» Work task: When you reach the line that contains "Trang chủ mẫu landing page ebook 01", begin copying exactly and continue through the last line below. Do not copy pictures.

» Dataset excerpt:
---*---

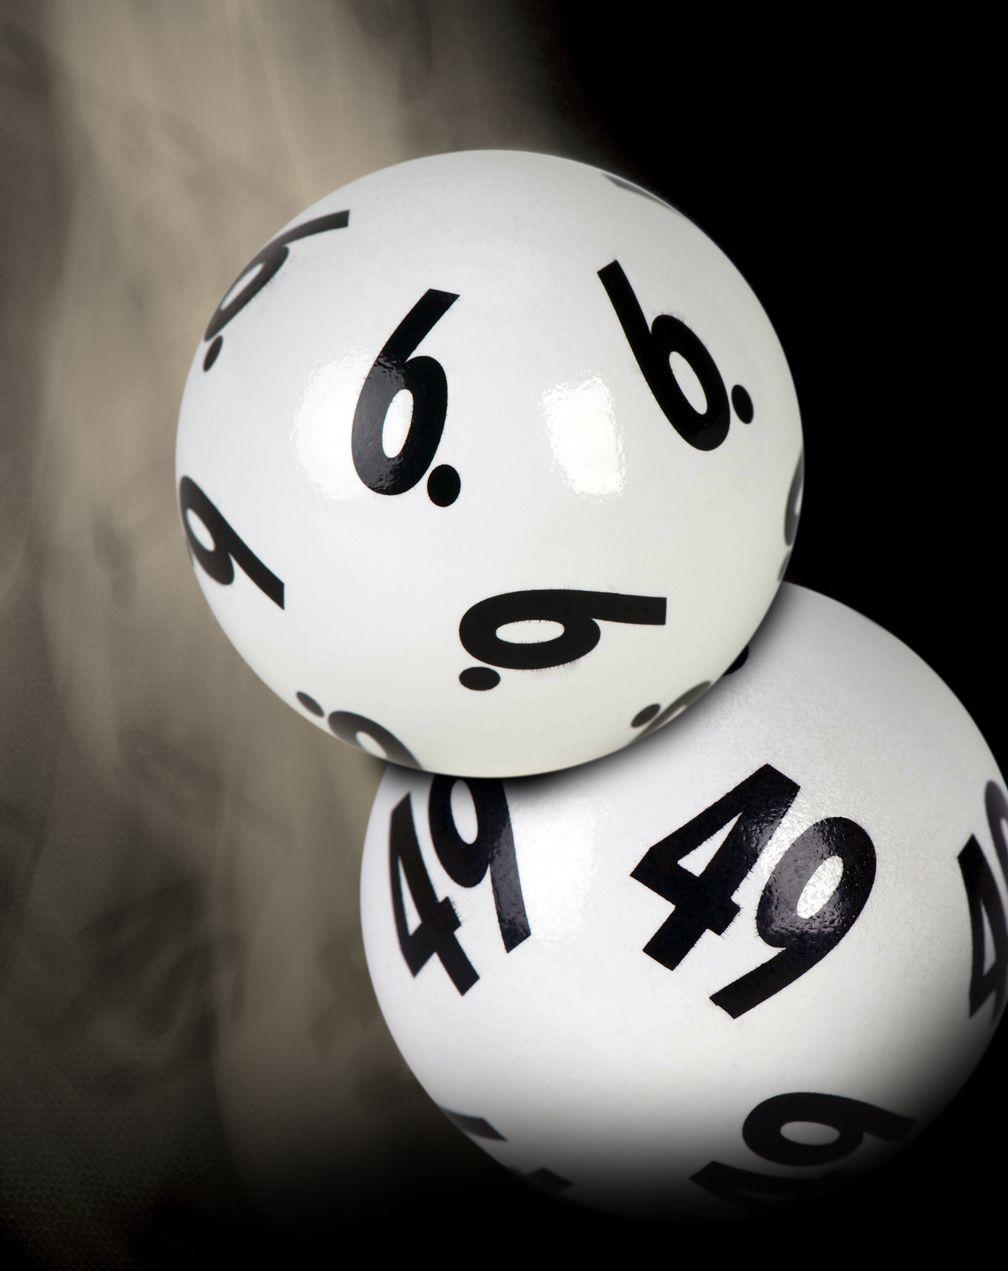 Lottozahlen Vom 20.01.2021
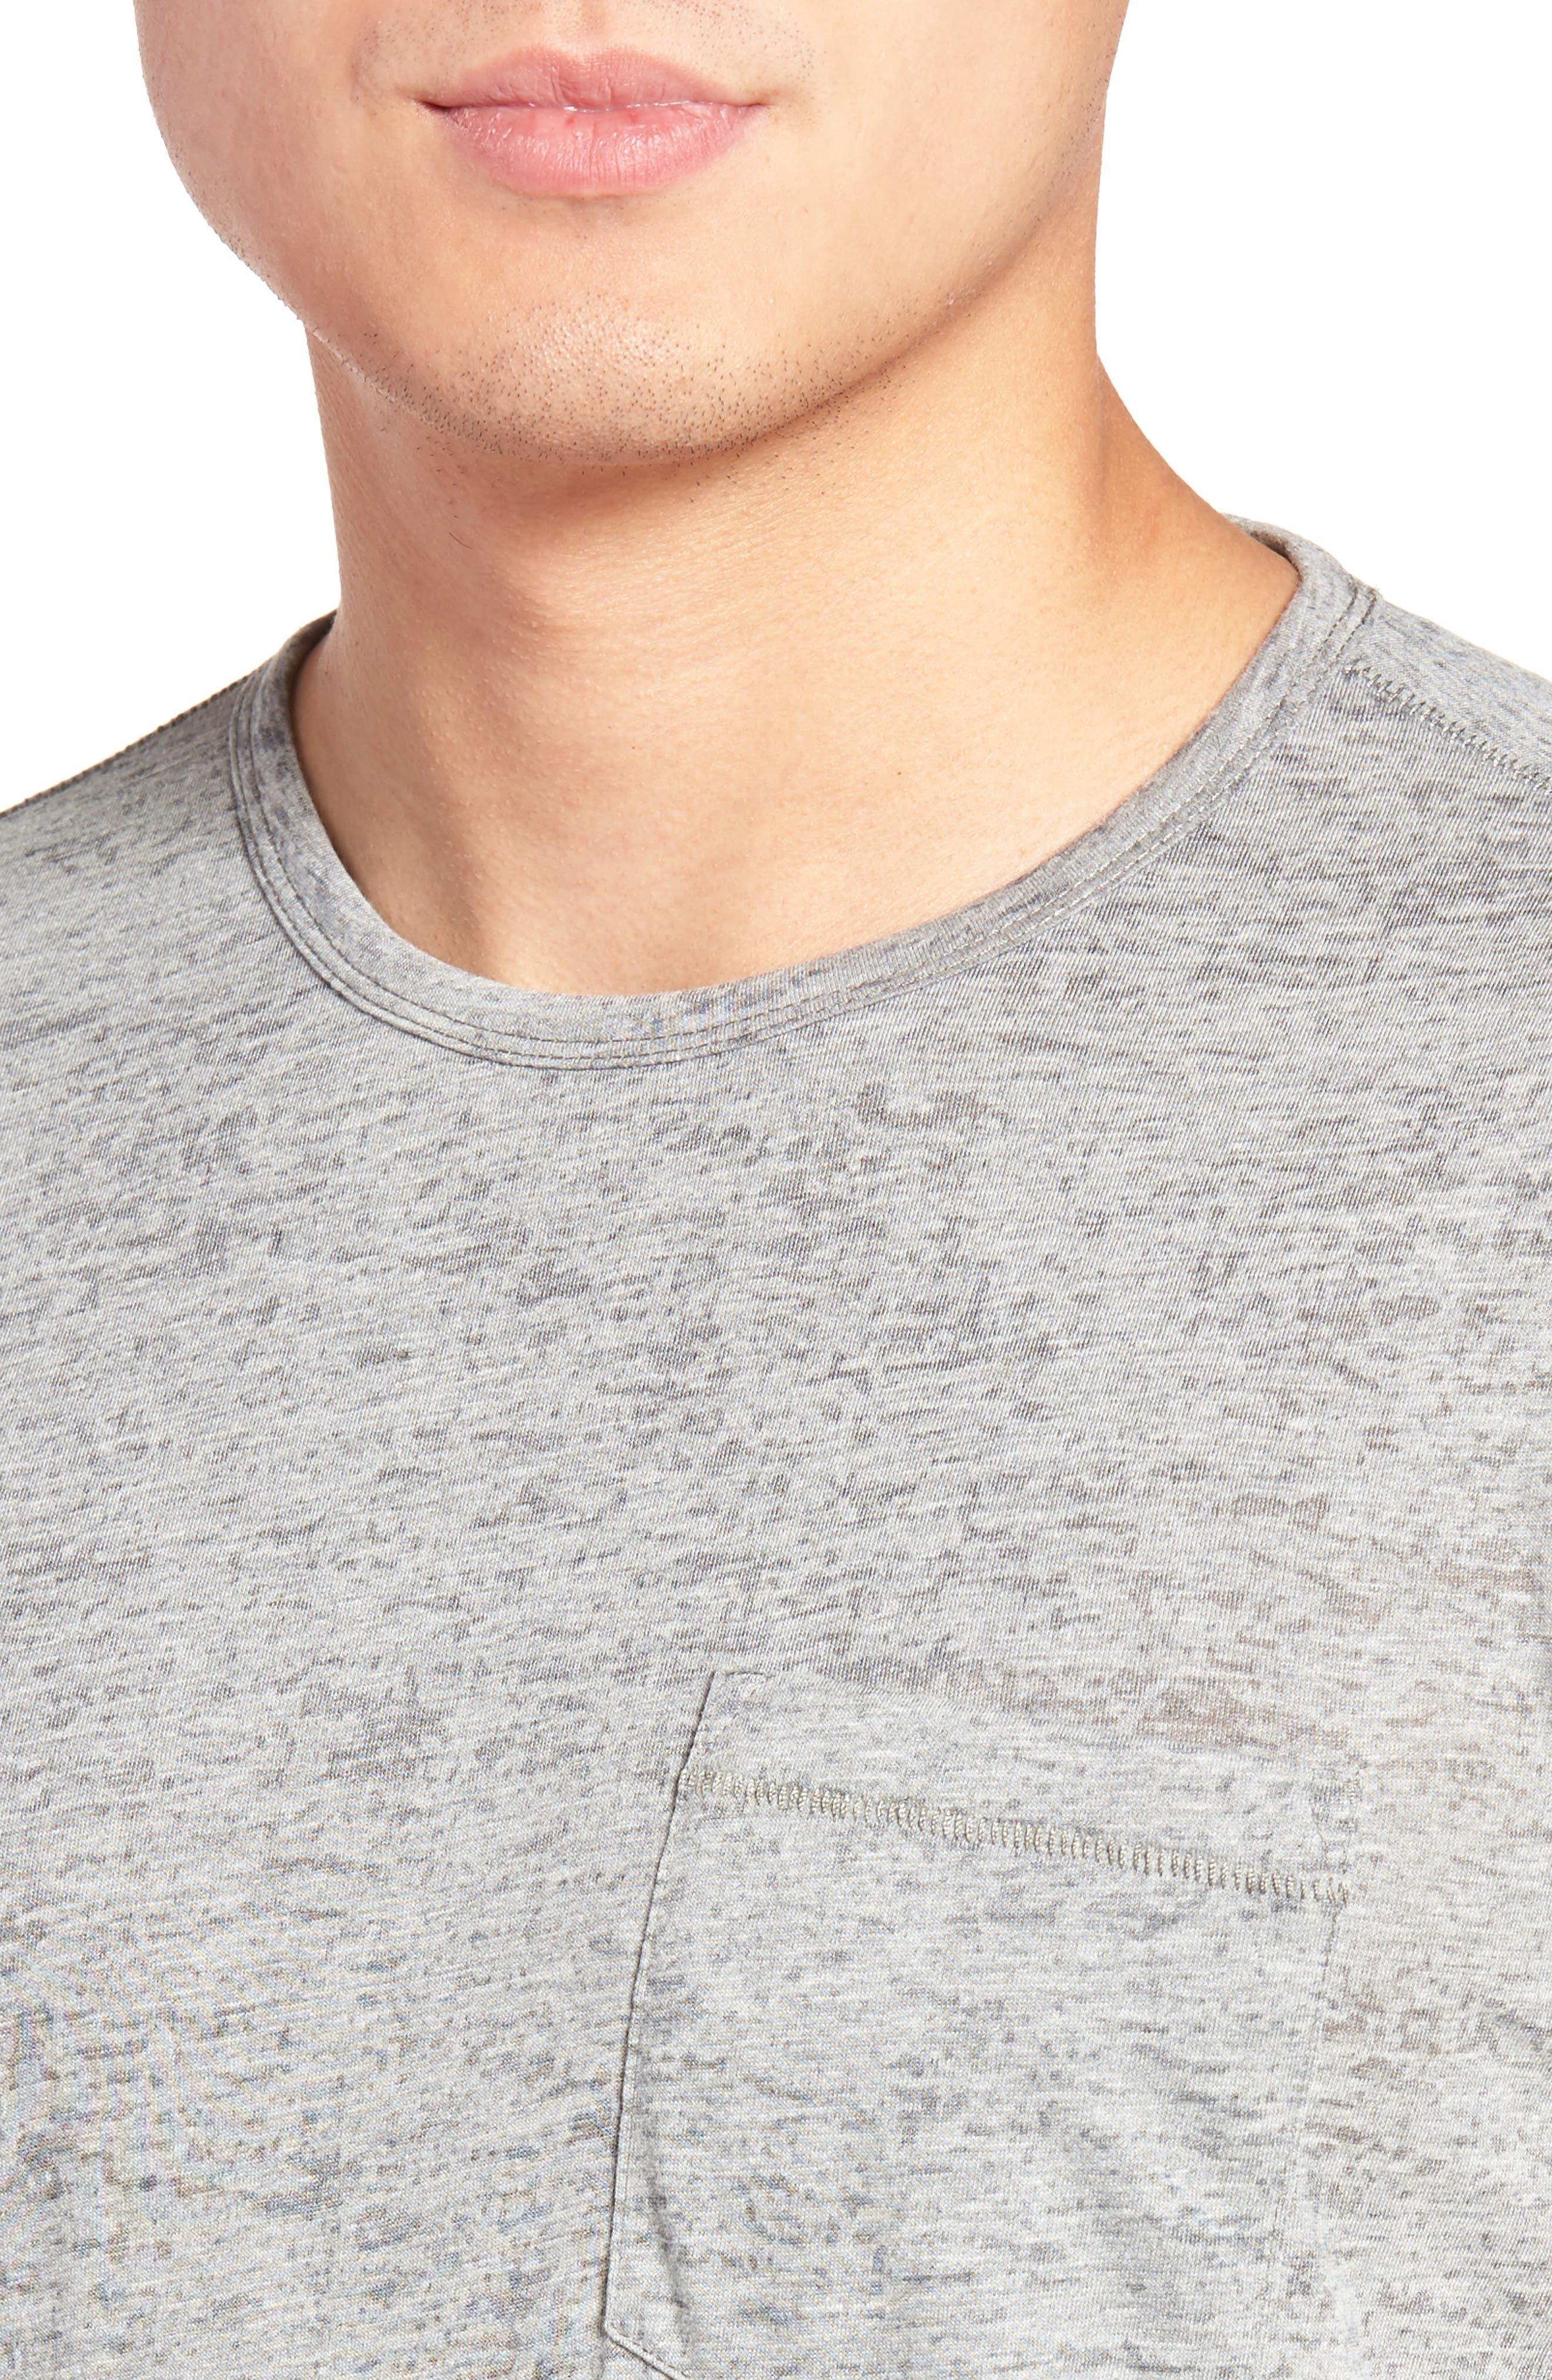 Burnout Trim Fit T-Shirt,                             Alternate thumbnail 4, color,                             LT. GREY HEATHER
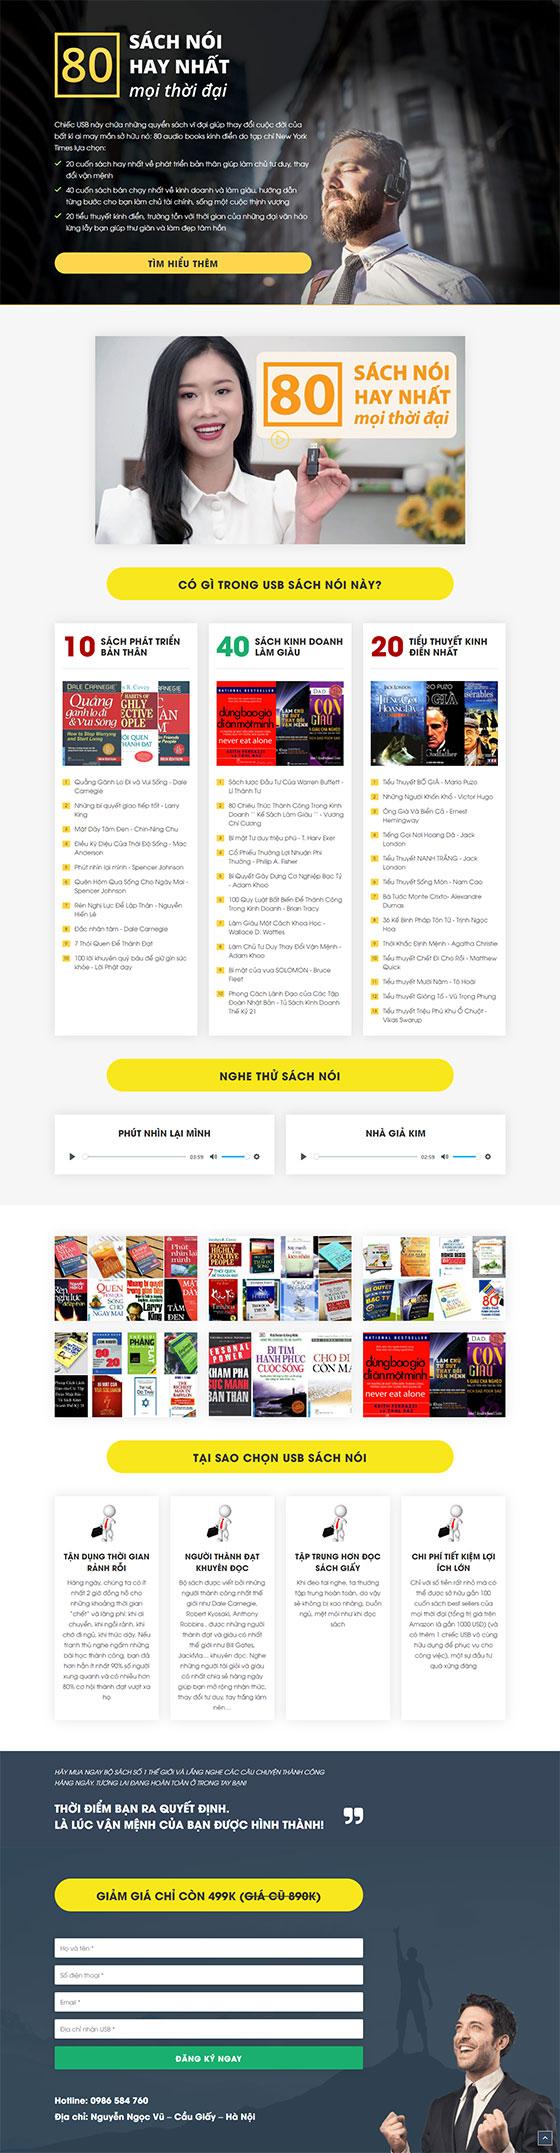 Trang chủ mẫu landing page ebook 01
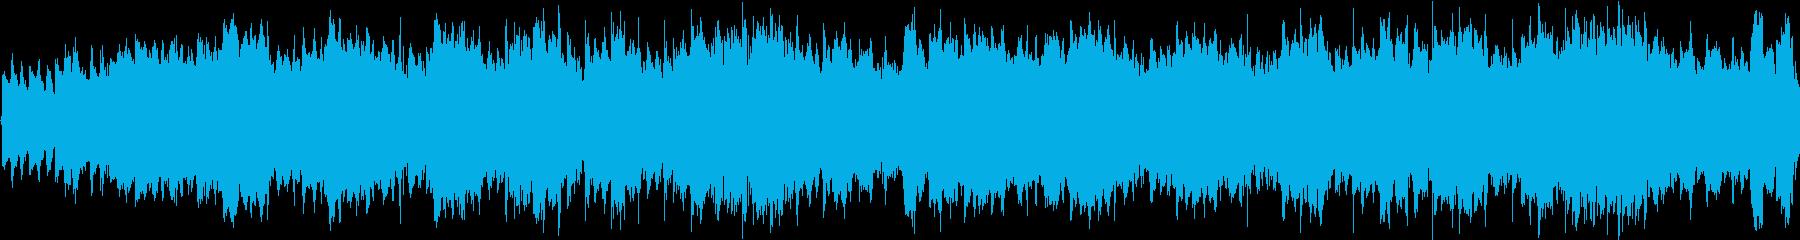 ワルツのリズムが怪しげなホラーなループ曲の再生済みの波形

---*---

» Reply:
 Trang chủ mẫu landing page ebook 01
 ワルツのリズムが怪しげなホラーなループ曲の再生済みの波形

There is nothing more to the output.